Most Important Facts

  • Location: Check-in at Port Renfrew on Vancouver Island; either you start the trek at Port Renfrew or you take a bus to Pacheena Bay
  • Distance: 75 km
  • Days needed: 3 to 7 days
  • Infrastructure: rudimentary; marked trails, campsites at the beach with outhouses and bear boxes
  • Costs: Trail permit costs CAD 127.50, also you need the Park Canada permit for CAD 67.70 (valid for all Canadian national parks), on top comes the one way bus ticket at the beginning or the end of the trek, which costs CAD 90
  • Planning: Book several weeks ahead in busy season or if you are not flexible
  • Useful links:

Our Packing List (Mirko’s Backpack: 17 kg, Natalie’s Backpack: 13 kg)
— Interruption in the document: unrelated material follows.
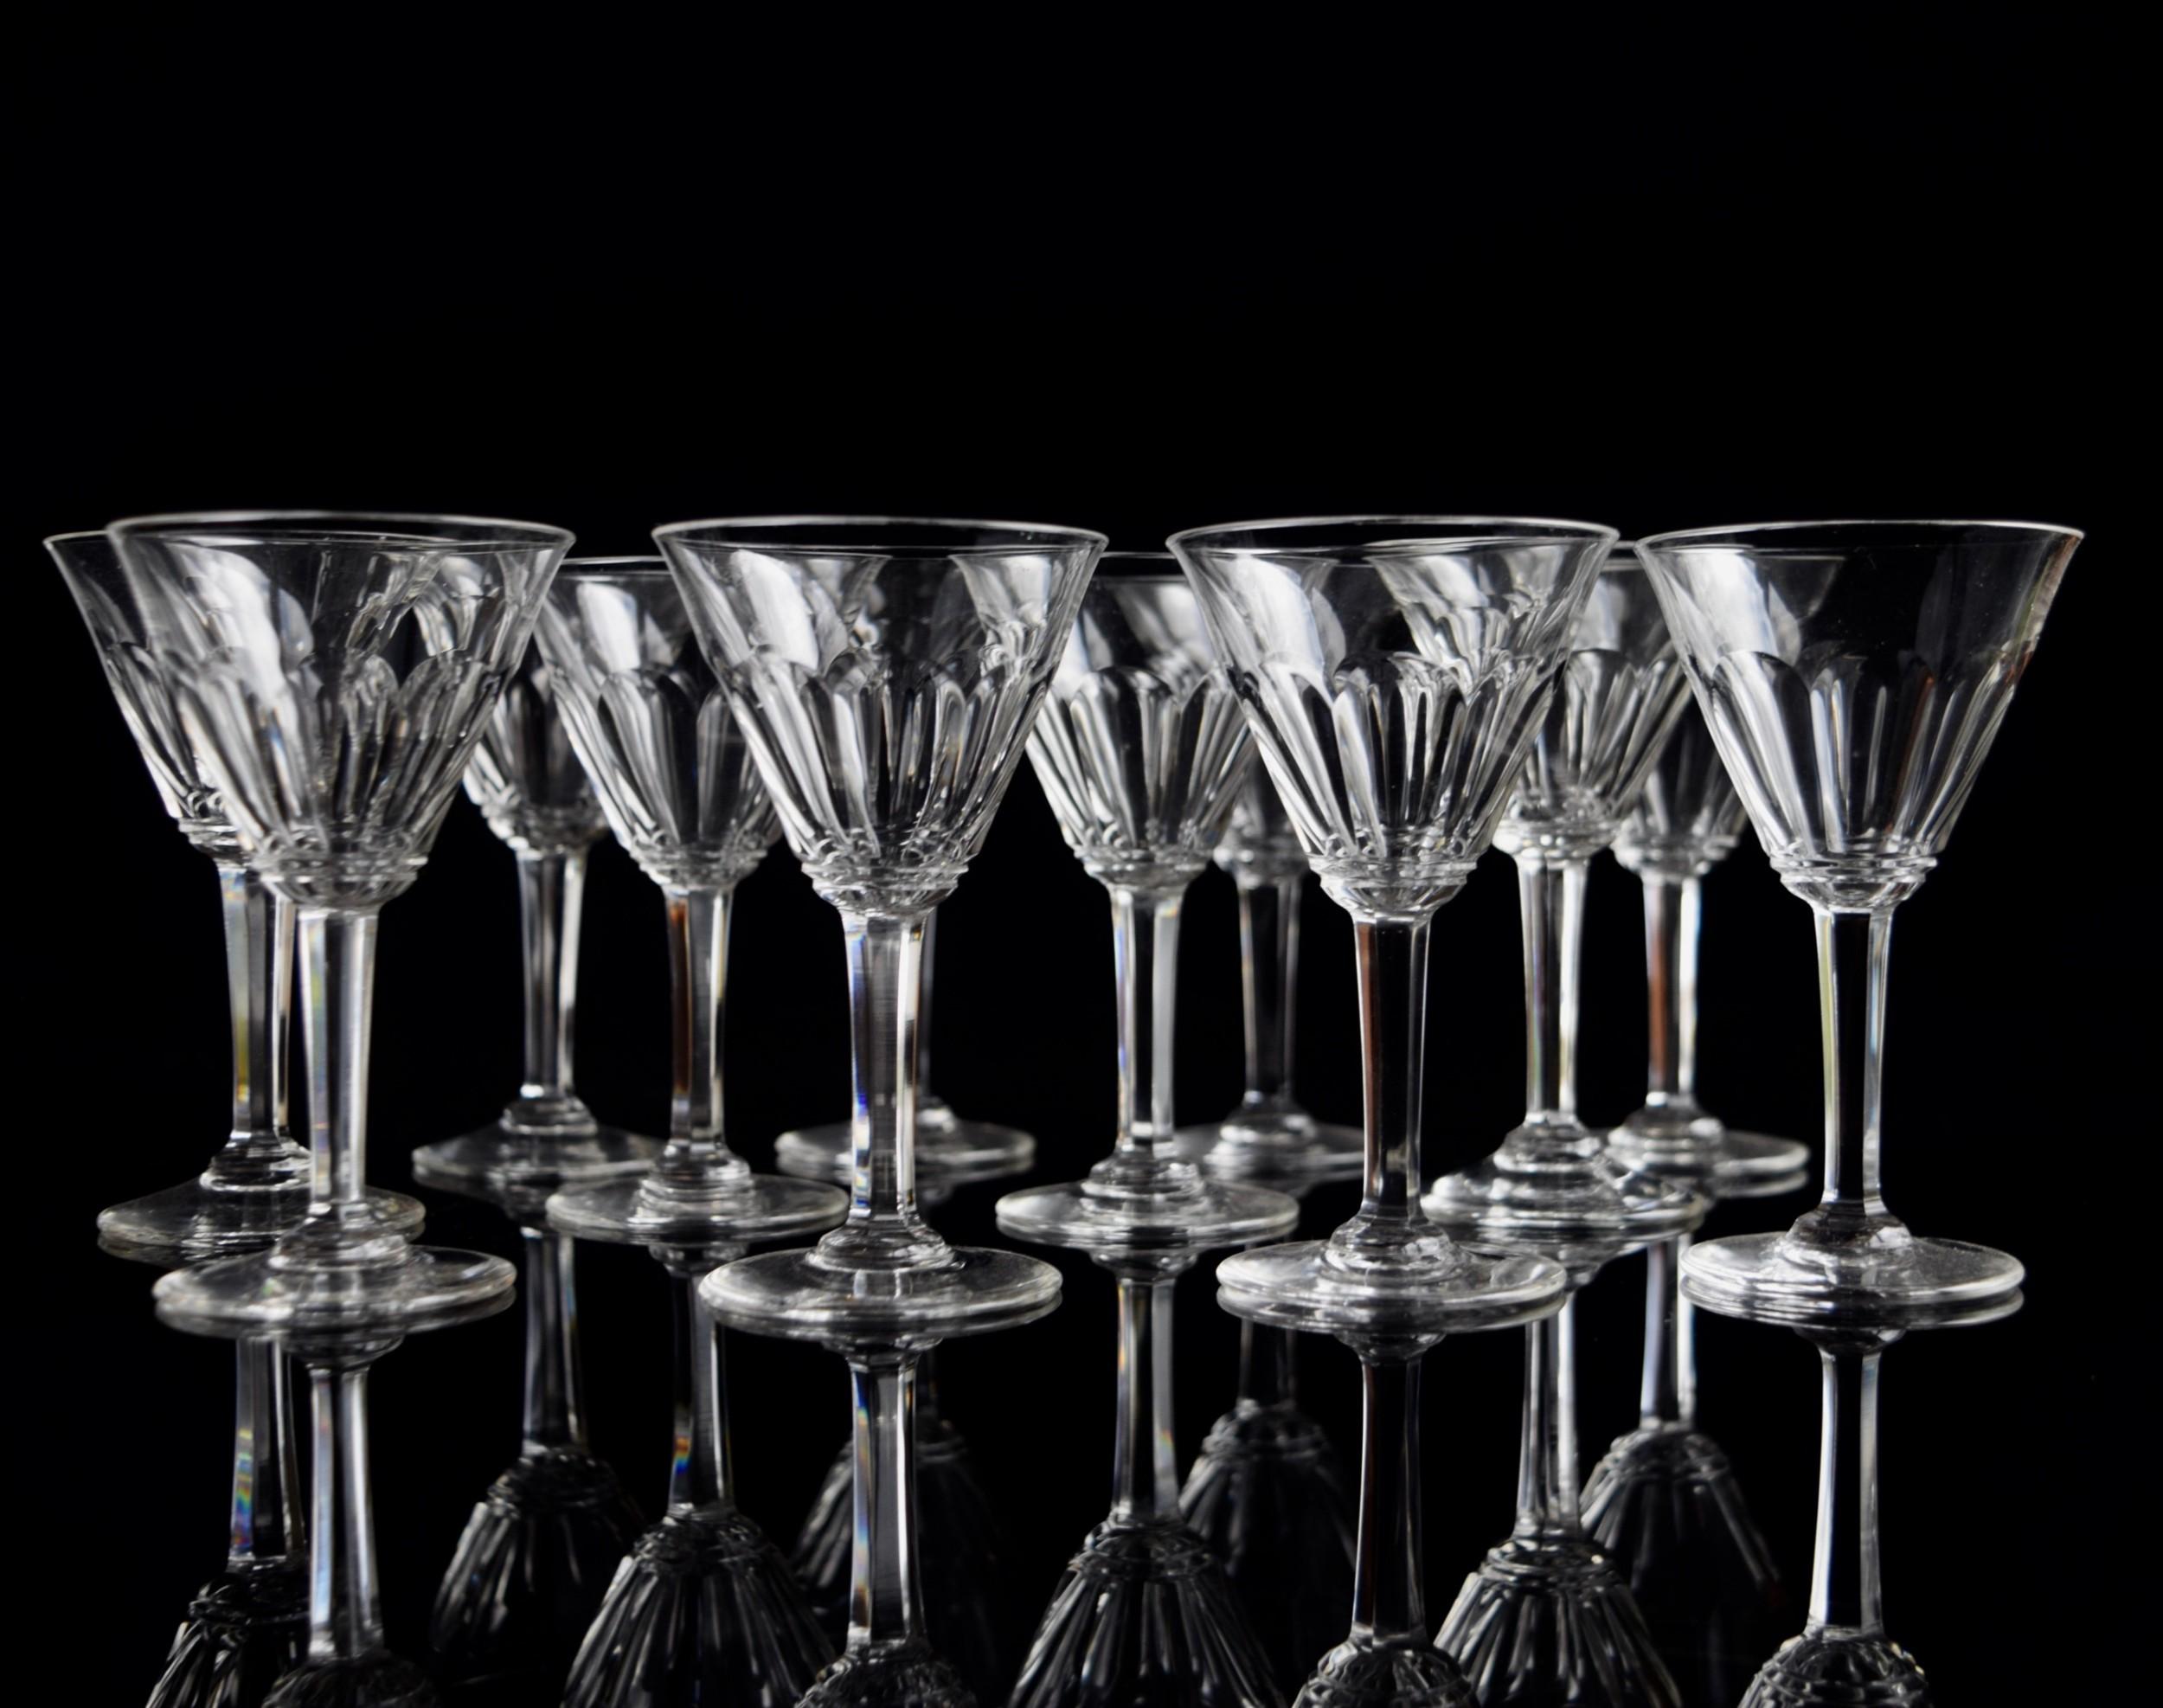 12 french port glasses c1930

  • Two large backpacks with rain cover
  • Lightweight, rainproof tent for two people
  • Two sleeping bags (down feather)
  • Two inflatable camping mattress, two inflatable pillows
  • Stove, cutlery, swiss army knife, gas for stove, lighter
  • Bear bell and bear spray
  • Food for seven days (we packed for two extra days, just in case)
    Breakfast: porridge and crackers; Food during day: chocolate, energy bars, nuts, cookies; Dinner: rise, soup, pasta
  • First aid kit
  • Water purifier tablets (every campsite is located at a creek, where you can refill your water bottles; always purify, boil or filter the water before drinking)
  • Toilet paper, toothbrush, soap, mini towel
  • Sun cream, sun glasses, sun hat
  • Cloths: Two hiking shirts, one hiking trouser, long underwear for sleeping, rain coat, down jacket, two pair of hiking socks, one pair of socks for the evening, four pairs of underwear, hat, gloves, flip flops and high cut hiking boots
  • Camera gear (Sony a7r II, Zeiss Loxia 21mm 2.8, Sony 55mm 1.8, ND-Filter, mini tripod, peak design backpack mount)
  • GPS watch and smartphone
  • Two camel water bags, two water bottles
  • Diary and pen
  • Torch light
  • Plastic waste bin as you have to take all your garbage with you
  • Cash

What We Whished We Brought

  • Gaiters
  • Hiking sticks
  • Swim suit
  • Salami and cheese

What We Wished We Didn’t Bring

  • Food for additional two days
  • Rain trouser
  • We only needed one can of gas, we brought 3 cans


Our Way Of Hiking The West Coast Trail

Dates of hike: May 23rd to May 27th 2018 –We were lucky and had a good weather window in the last week of May. There was not a single drop of rain during our trek. Under similar circumstances, we would definitively do the trek again and recommend it to anyone who loves hiking and seeks an adventure.

Nature and scenery along the breathtakingly beautiful west coast of Vancouver Island is characterized by rugged coasts and lush temperate rainforests. There is also lots of wildlife around, just to name some animals you can potentially see: black bears, wolves, cougars, sea lions, seals, deer, bald eagles and tidal pools along the beaches that are filled with starfish, anemones, mussels and crabs.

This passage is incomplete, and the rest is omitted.